The reason these are in the data feed is because these ‘bundle IDs’ are not valid mobile app bundle IDs and may elevate your risk of invalid traffic should ad transactions occur on inventory with these IDs.  Usually bundle ids are in the form of reverse domain (for example, com.hulu.plus), but a number of the apps - especially the “bad” ones - use the incorrect form, which  makes it look like a domain even though it is a bundle id.

Example:

- The domain “abc13.com” is  a valid desktop or mobile web website but is not a valid mobile app or bundle ID.

- The mobile app equivalent for ABC13 have the following valid app or bundle ID: com.abclocal.ktrk.news (Android) and 407345290 (iOS)

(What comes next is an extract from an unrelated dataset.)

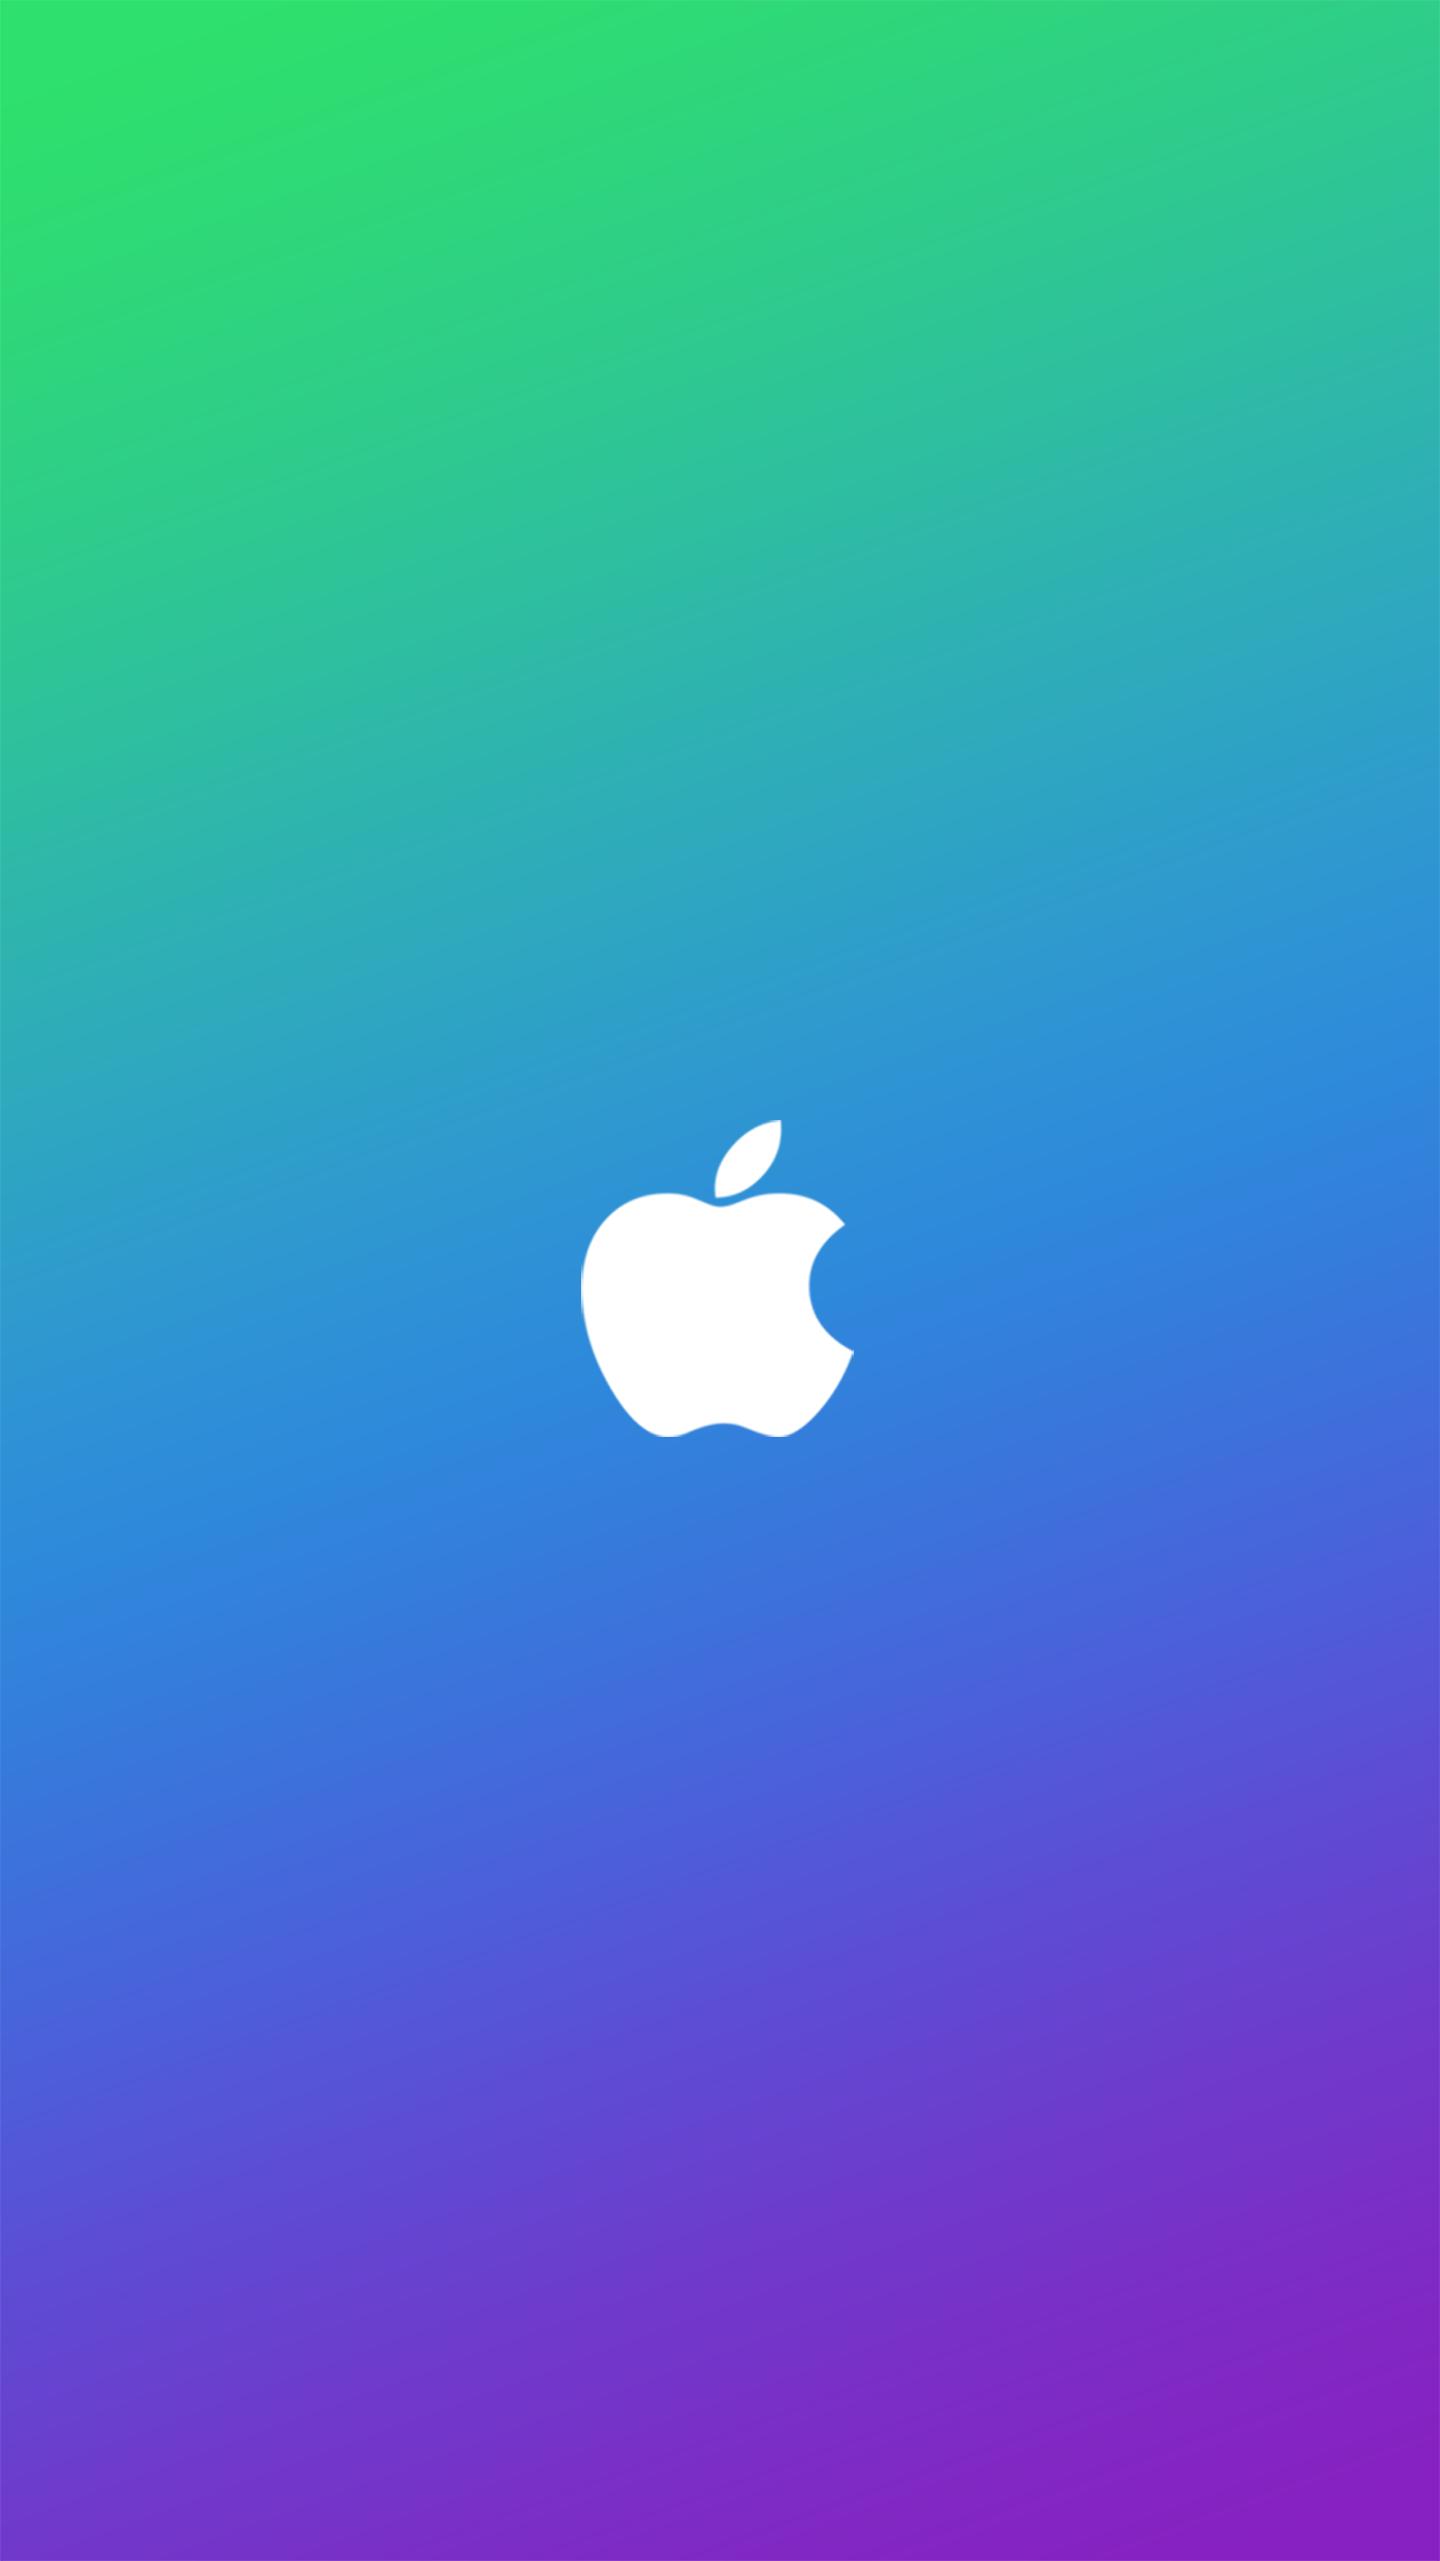 Wallpaper Iphone Color In 2020 Apple Logo Wallpaper Iphone Color Wallpaper Iphone Pink Wallpaper Iphone

- There is no mobile app with the app or bundleId = “abc13.com” which is why it is in the mobile app datafeed.

OS Decisioning

App/bundle IDs for the same application are often named differently for each OS platform. For example, the app XYZ may lists its bundle ID on iOS as "com.company.xyz", but on Android it is listed as "com.xyz.app". If the entry on the High Risk App List includes the app ID "com.company.xyz" but the osName is "Android", it is likely the app is either spoofed or using a deceptive name. In this case, you would only want to block "com.company.xyz" on Android so to not block users on the official XYZ app on iOS. It is for this reason that it is highly advised to match both app ID and OS when determine blocking decisions. 

Probabilities

The high risk app list provides a lot of flexibility to the end-user for blocking specific risk- types, operating systems, or app/bundleIds. It also enables the filtration of specific appIds based on some probability threshold. The probability threshold will correspond to the least amount of evidence that a given appId has shown in order to be associated with a given risk factor. As a generic guideline, Pixalate recommends the following probability thresholds, depending on the client needs:

1) probability equal to 1, for filtering out only the worst offender appIds (deterministic risk)

2) probability greater than or equal to 0.9 for filtering out apps, that have a high risk factor beyond a reasonable doubt

3) probability greater than or equal to 0.75, for filtering out apps that are associated with clear and convincing evidence of a high risk factor

4) probability greater than or equal to 0.5, for filtering out apps that it is more likely than not that they are associated with a high risk factor.

In general, it is a good tactic to start implementing the list with a threshold of 0.75 and then move it up or down until the desired operating point has been achieved, in terms of overall inventory volume and risk level.